How Does the FDA Regulate AI Clinical Decision Support? Navigating the Evolving Digital Health Landscape
The integration of Artificial Intelligence (AI) and Machine Learning (ML) into healthcare is rapidly transforming clinical practice, offering unprecedented capabilities for diagnosis, treatment planning, and patient monitoring. However, this revolution introduces a complex regulatory challenge: how does the U.S. Food and Drug Administration (FDA), with its traditional framework for medical devices, govern software that can learn and adapt? The answer lies in a nuanced, evolving approach centered on the concept of Software as a Medical Device (SaMD) and a commitment to continuous oversight [1].
Distinguishing AI CDS: SaMD vs. Non-Device Software
The FDA's regulatory authority over AI-powered clinical decision support (CDS) hinges on a critical distinction established by the 21st Century Cures Act of 2016. Not all software used in a clinical setting is regulated as a medical device.
The FDA focuses primarily on software that meets the definition of SaMD—software intended to be used for one or more medical purposes without being part of a hardware medical device [2]. Crucially, the Cures Act carved out specific exclusions for certain types of CDS software, particularly those intended to:
- Display, analyze, or print medical information, but not for the purpose of diagnosis or treatment.
- Support or provide recommendations to a healthcare professional about prevention, diagnosis, or treatment, where the professional can independently review the basis of the recommendation.
If the AI-powered CDS is intended to replace the judgment of a healthcare professional or is used for automated diagnosis without human oversight, it is likely classified as SaMD and subject to FDA regulation. This distinction is vital for developers and clinicians alike, as it determines the regulatory burden [3].

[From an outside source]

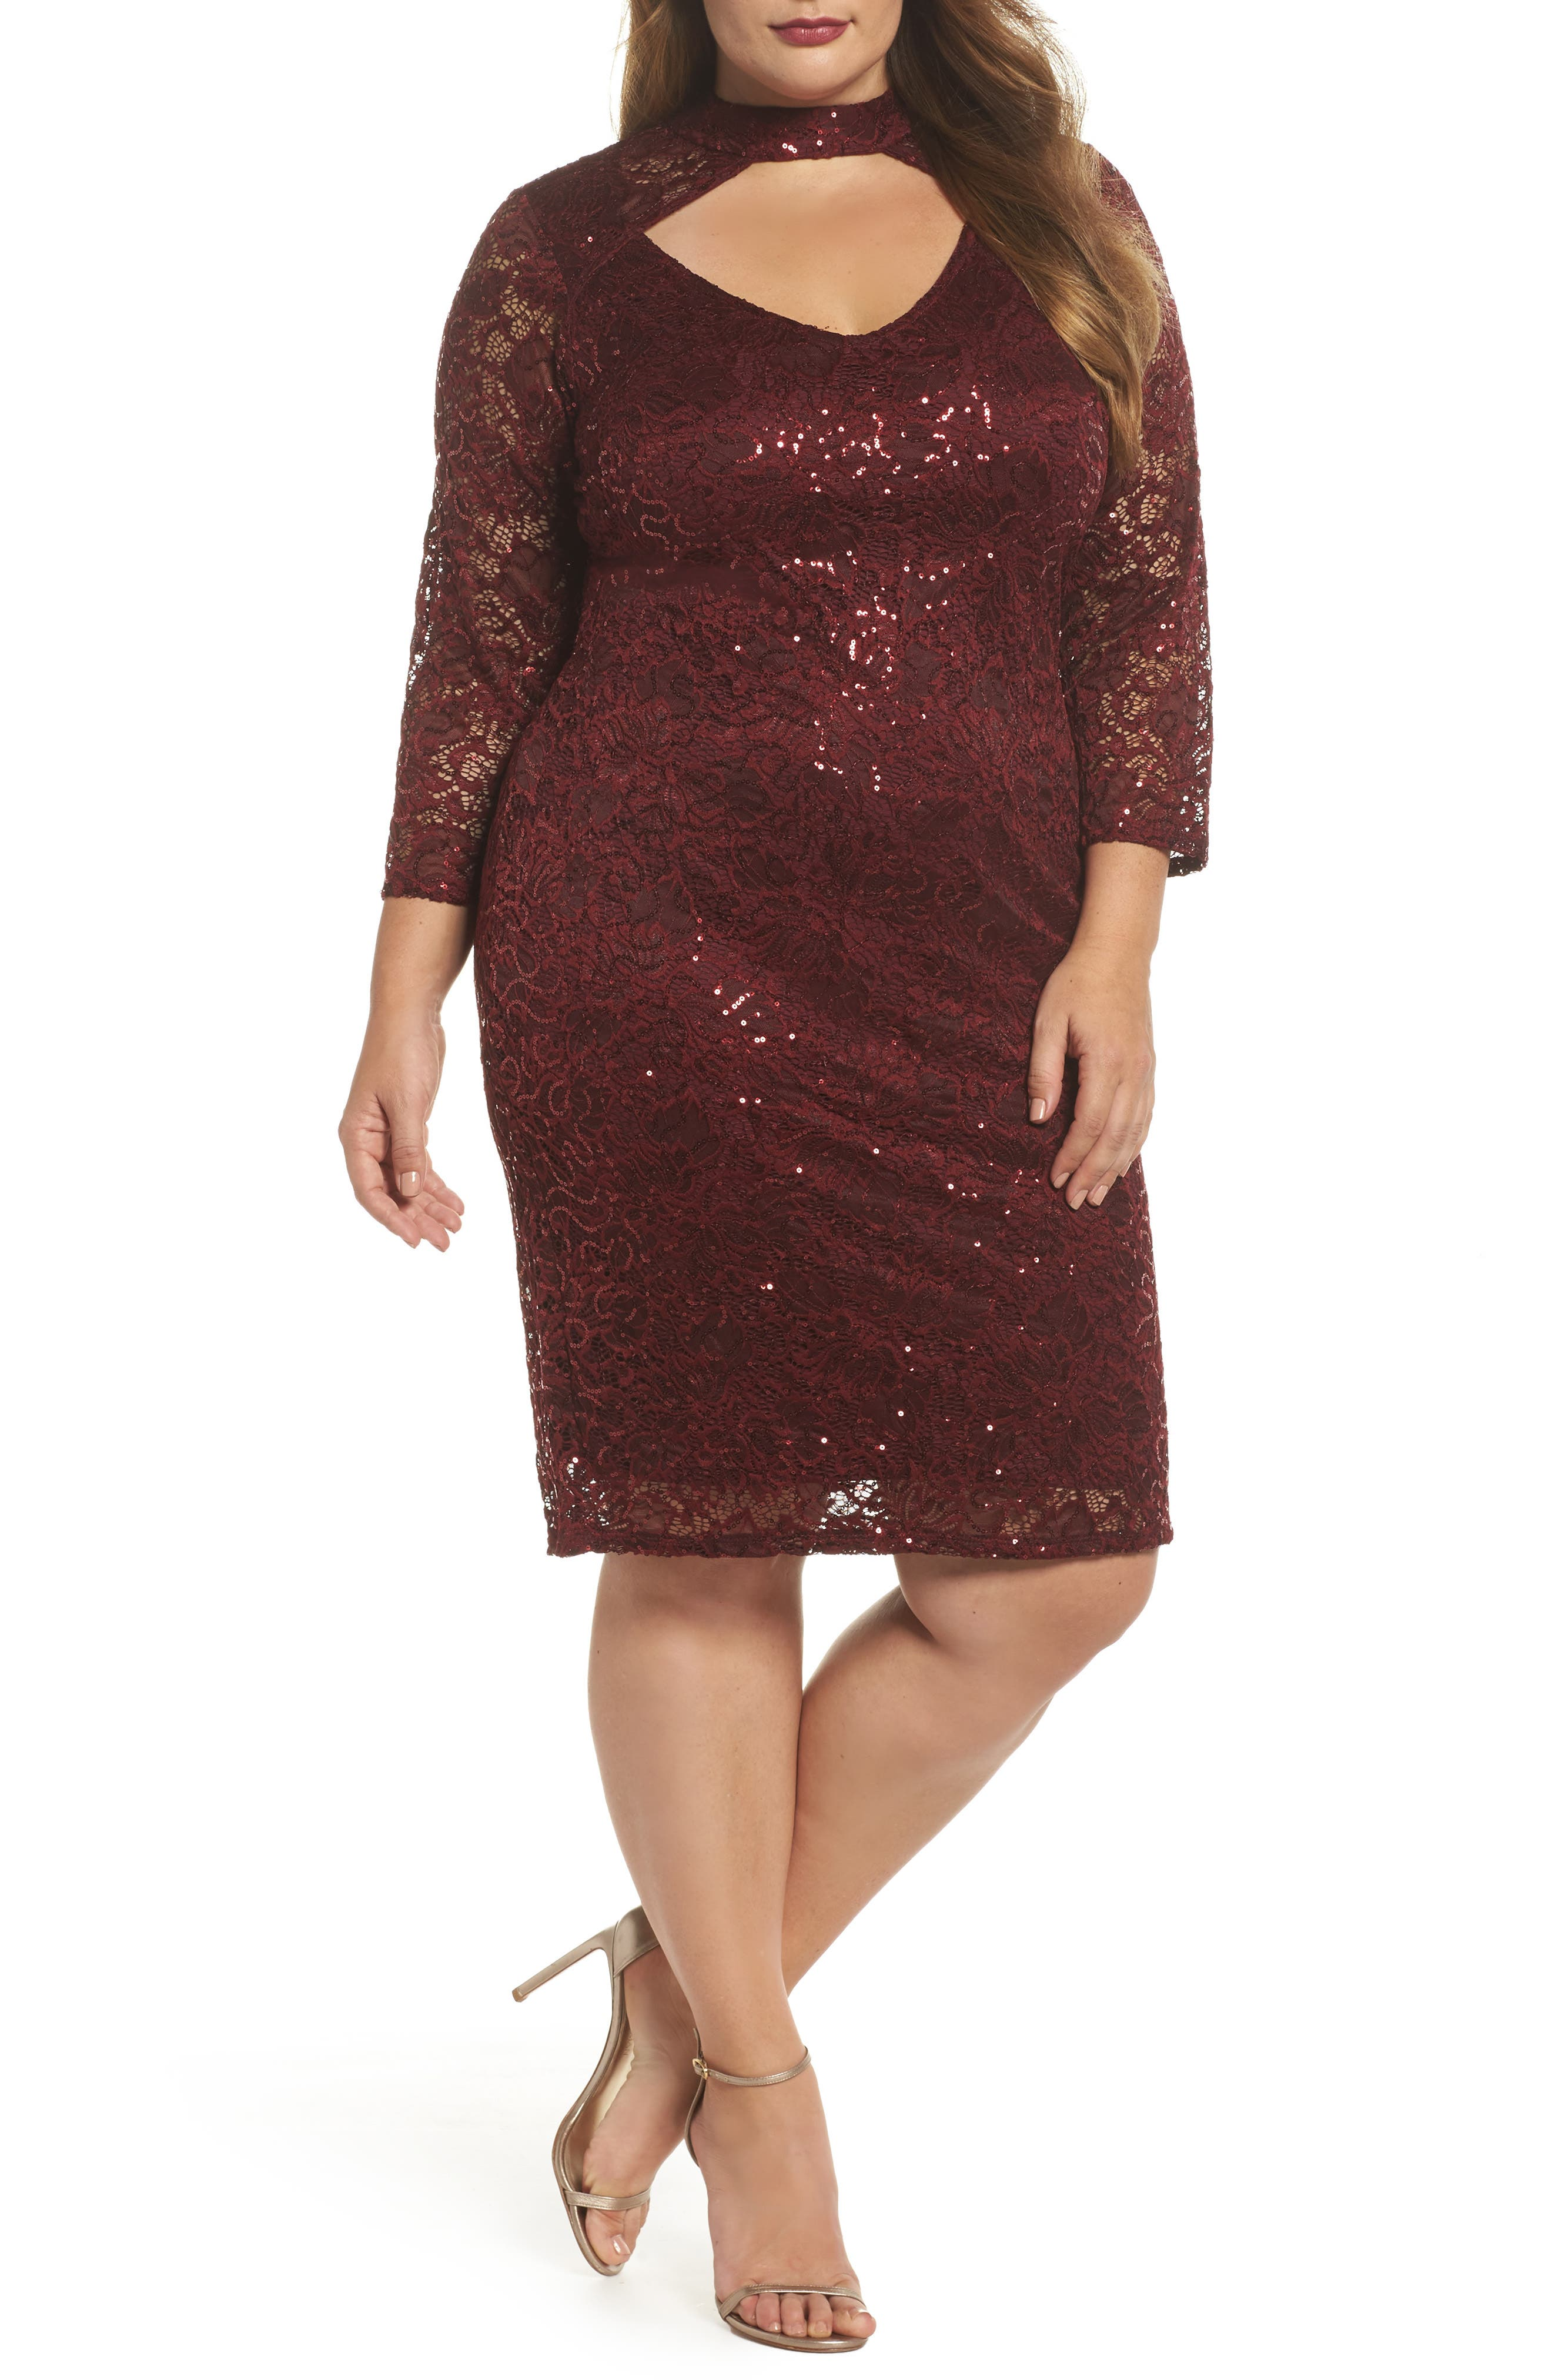 Main Image - Marina Choker Neck Lace Sheath Dress (Plus Size)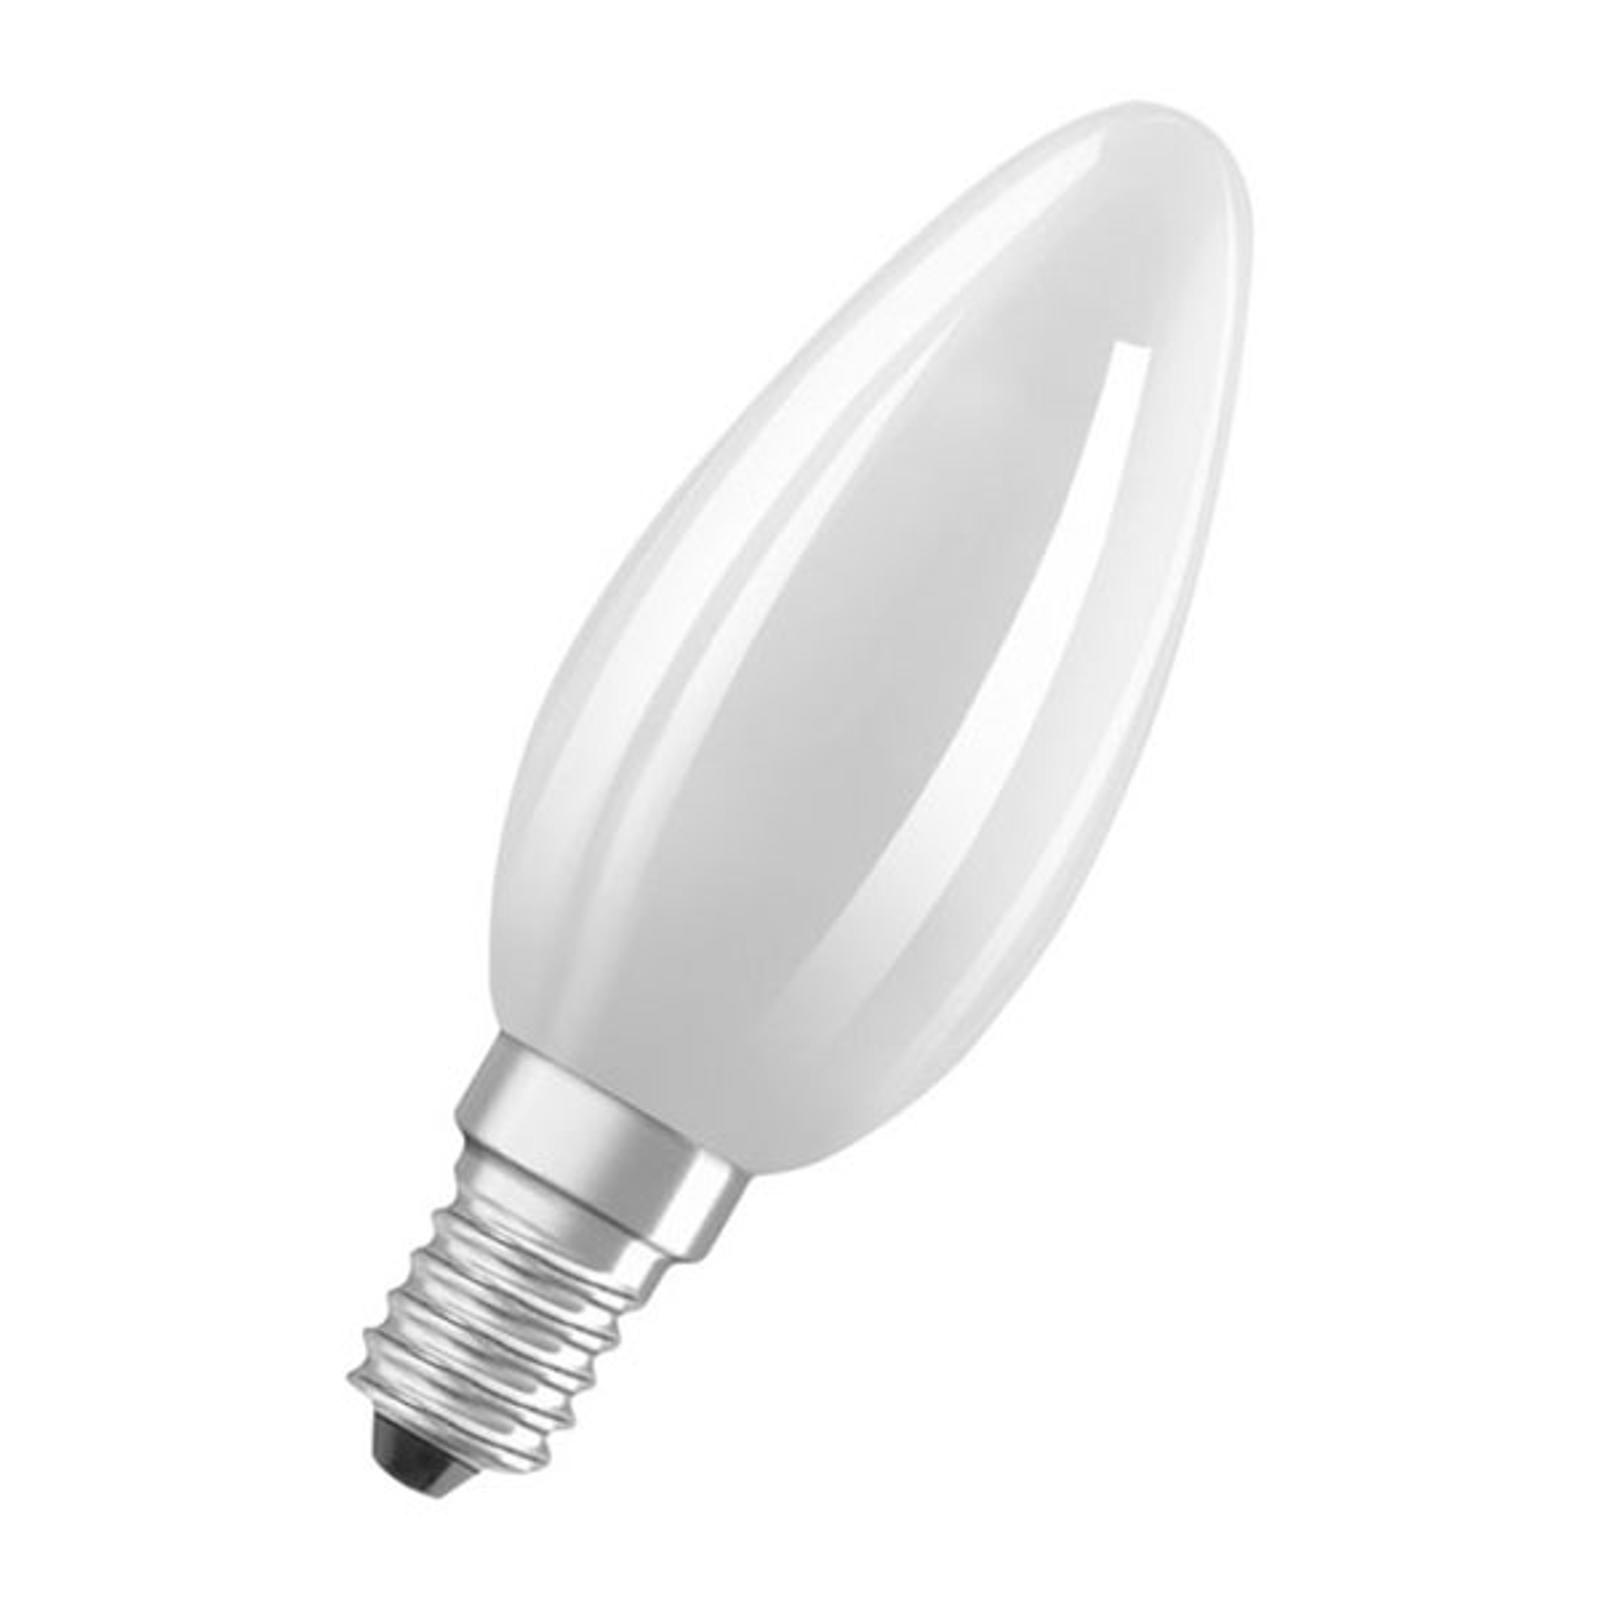 OSRAM świeca LED E14 Classic B 6W 2700K matowa

Navigating the FDA's Approval Process for AI/ML Devices
For AI CDS classified as SaMD, the FDA utilizes its established risk-based classification system, which dictates the appropriate premarket pathway. Devices are categorized into Class I, II, or III, with Class III devices posing the highest risk and requiring the most stringent review.
| FDA Device Class | Risk Level | Premarket Pathway | Typical AI CDS Examples |
|---|---|---|---|
| Class I | Low Risk | Exempt from premarket review | Simple image processing for non-diagnostic purposes. |
| Class II | Moderate Risk | 510(k) Clearance | AI algorithms that aid in the detection of a disease (e.g., stroke, diabetic retinopathy) where a predicate device exists. |
| Class III | High Risk | Premarket Approval (PMA) | AI systems that support or sustain human life, or are of substantial importance in preventing health impairment, and for which no predicate device exists. |
The majority of AI/ML-enabled SaMDs authorized to date have followed the 510(k) pathway [4]. This process requires demonstrating that the new device is substantially equivalent to a legally marketed predicate device. However, the unique nature of AI—especially its potential for continuous learning—strains this traditional model.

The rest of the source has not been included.